I think an important factor is who your service clients are.
If your service layer is just an architectural boundary between layers in your own project, and the service client is within the same trust realm, then it is ok to relax things, and let unchecked exceptions bubble out to the controller layer, or the service client.
However, for public facing code; service that are consumed by a third party or customer, I think it is cleaner to wrap any unchecked exceptions with a service oriented exception, primarily for security concerns, secondly for loose coupling, and clean abstraction.
A data layer exception should never, directly make it all the way to an end user of a web application. It potentially contains internal information about your schema, your queries, line number information, variable or function names, etc. End user exceptions can be sanitized in a secure setting.
An external service client isn't concerned with your implementation detail, and can't handle unchecked exceptions anyway, as they are bug or environmental issues. In secure applications, database errors are simply not secure enough to propagate, OracleException - ORA-01234 - ...

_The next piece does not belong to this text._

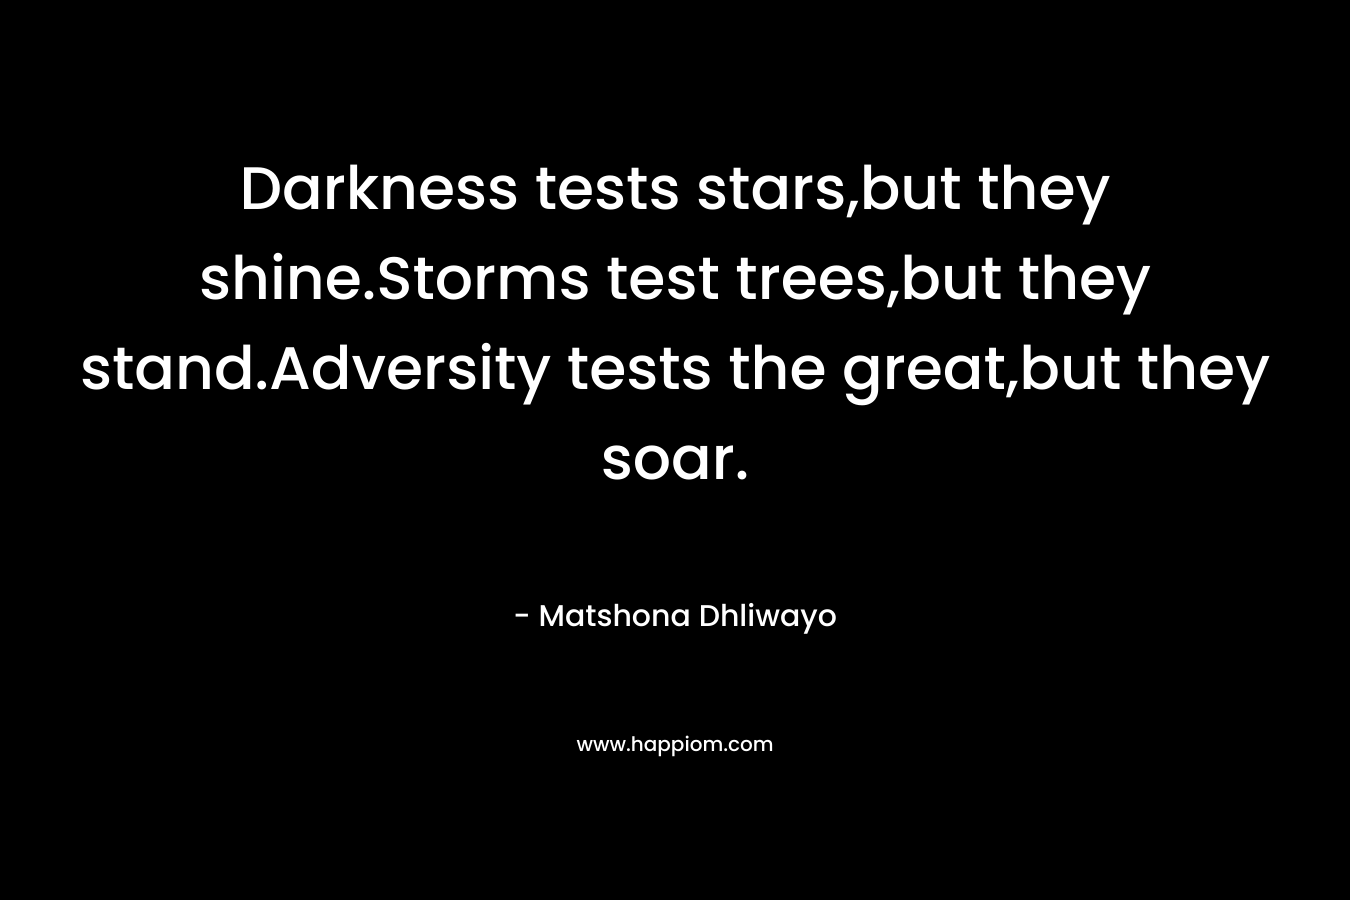 Darkness tests stars,but they shine.Storms test trees,but they stand.Adversity tests the great,but they soar.
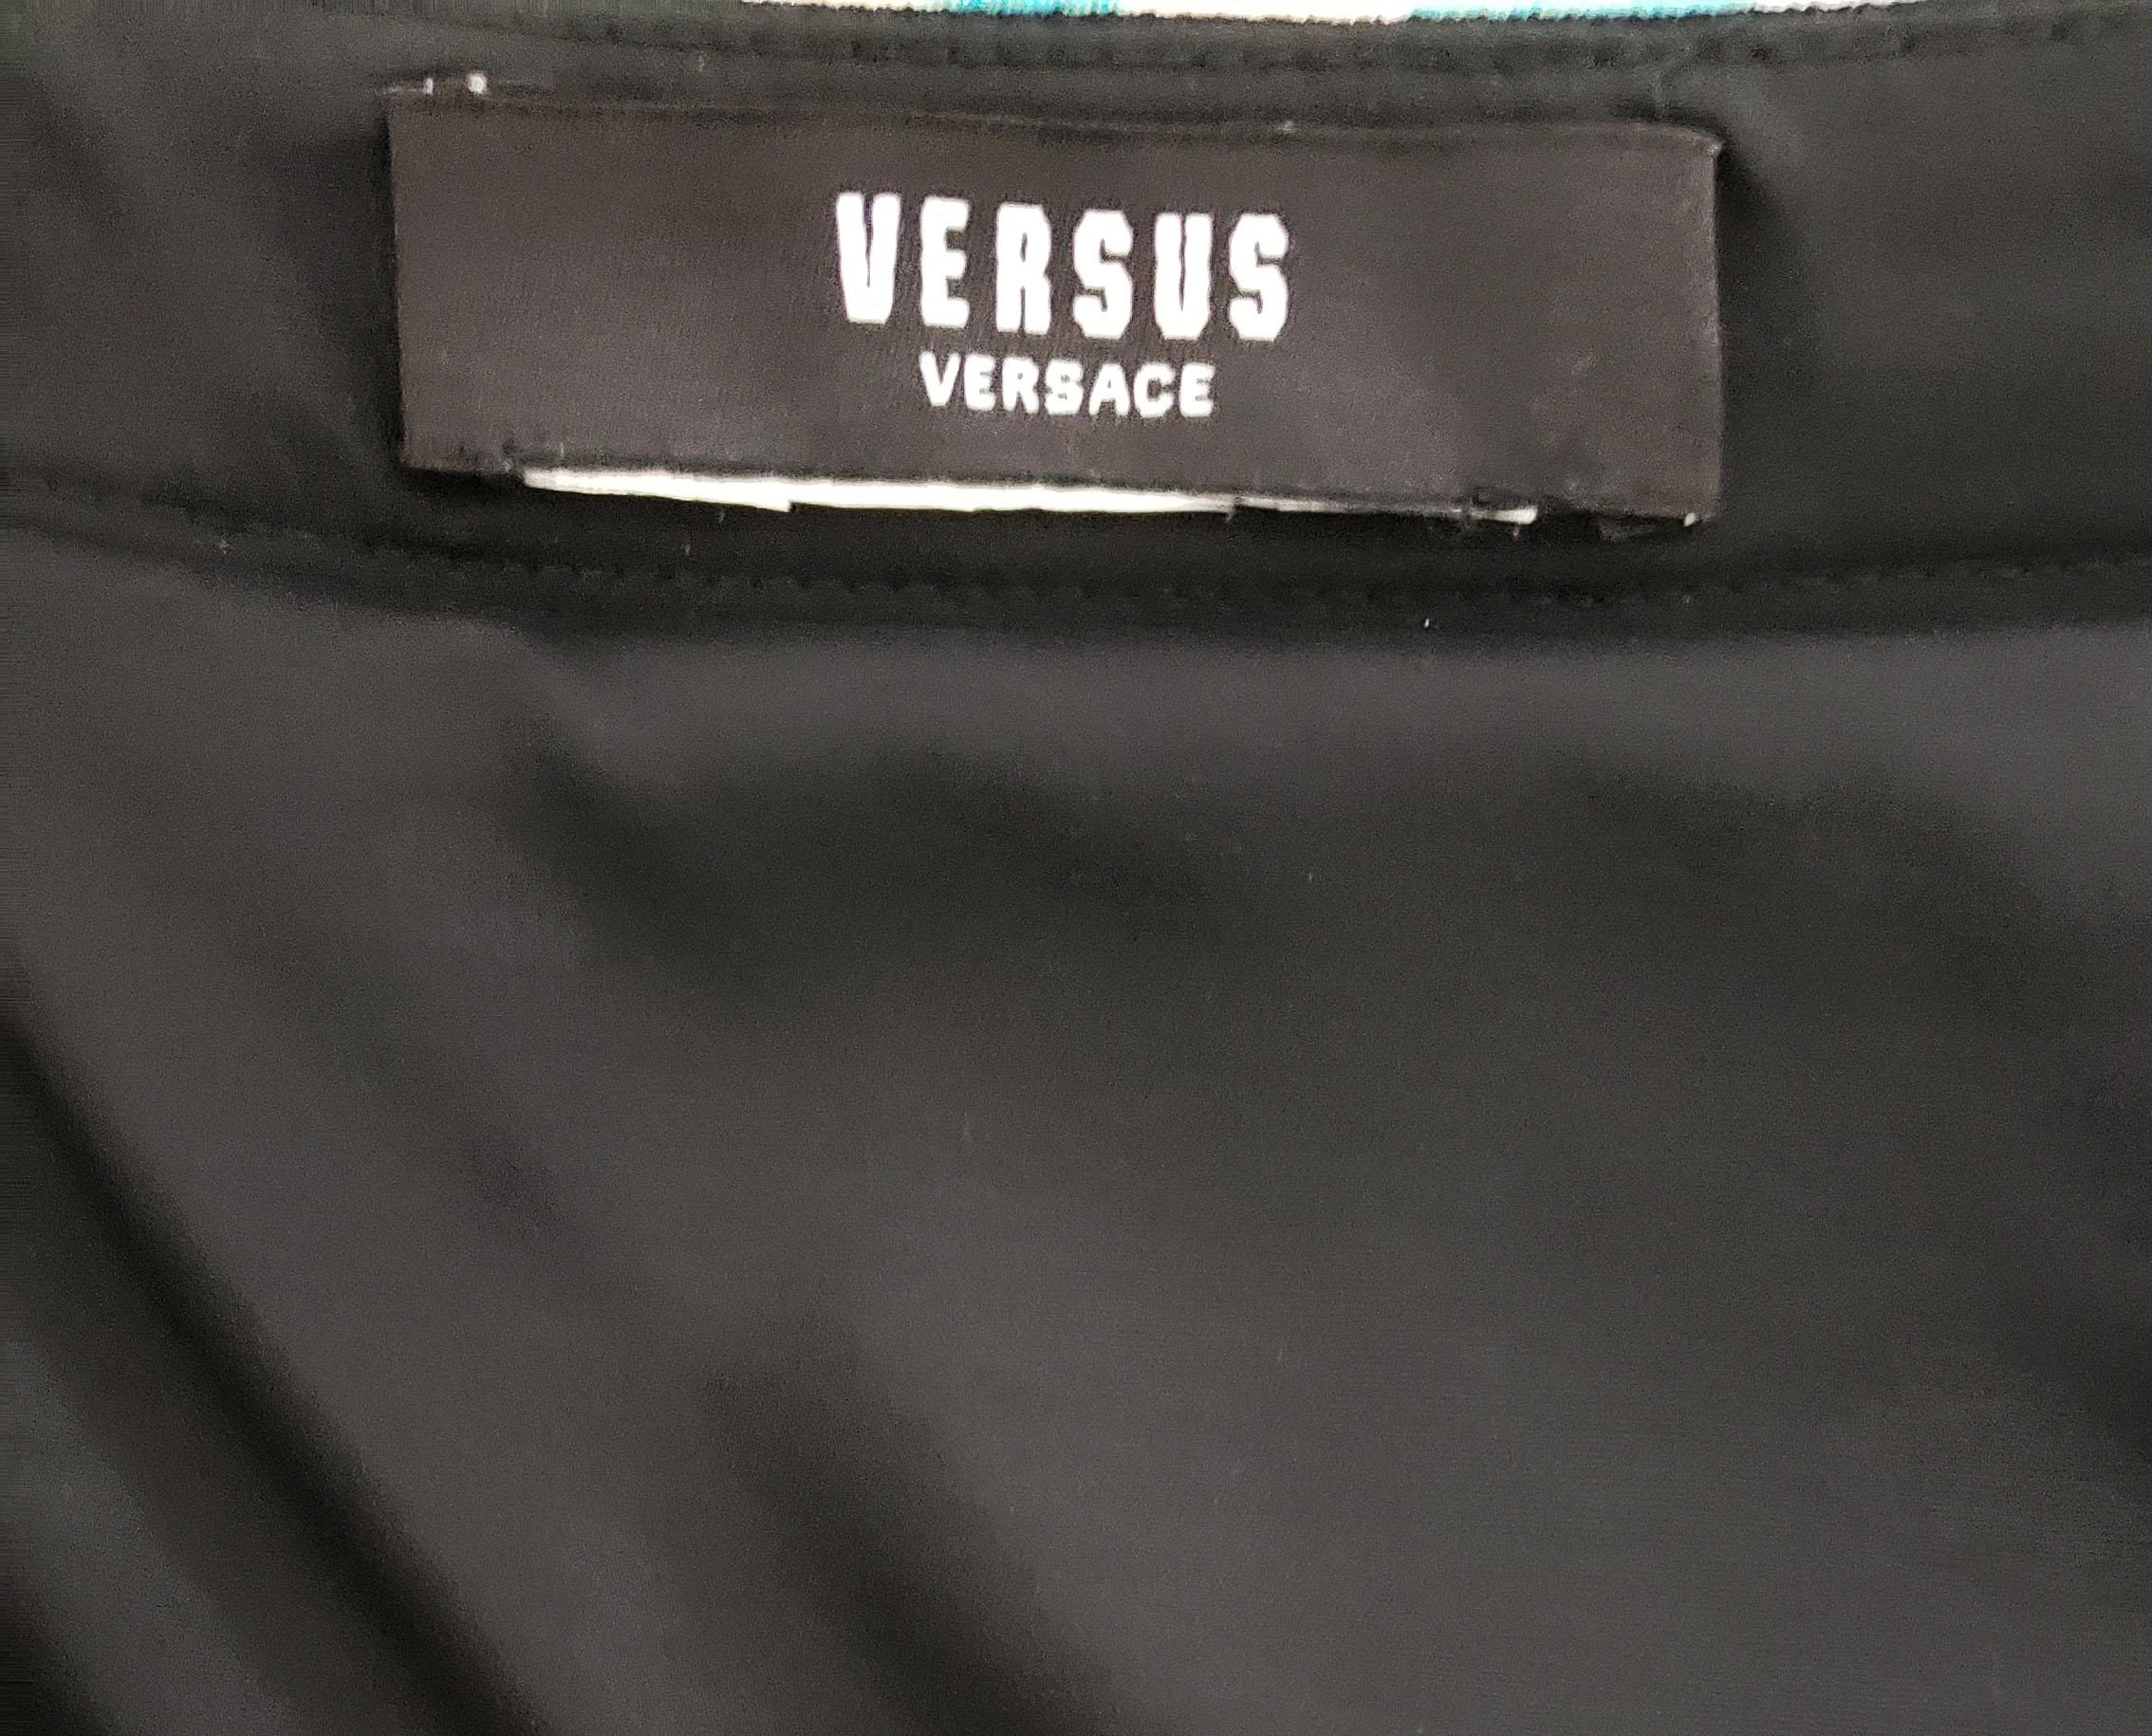 VERSUS VERSACE+ ANTHONY VACCARELLO BLACK SKIRT W/ PLEXIGLASS and LIONS 38 - 2 For Sale 4

which might be the 3rd table that was inserted. The client should be allowed to deal with any checked/expected exceptions that it can handle, and treat everything else as a potential bug report. Your service contract should be an atomic, consistent, transactional abstraction. If it can't do anything about the exception, then the only useful thing left is to give you a bug report. You already have the ability to log the exception, so why burden your end user with the details? Your app can be monitored, so you already know about the unchecked exceptions before the users report them.
It is never ok to eat exceptions, nor am I a fan of checked exceptions, but I prefer to have a plan that is appropriate for the nature of the overall product.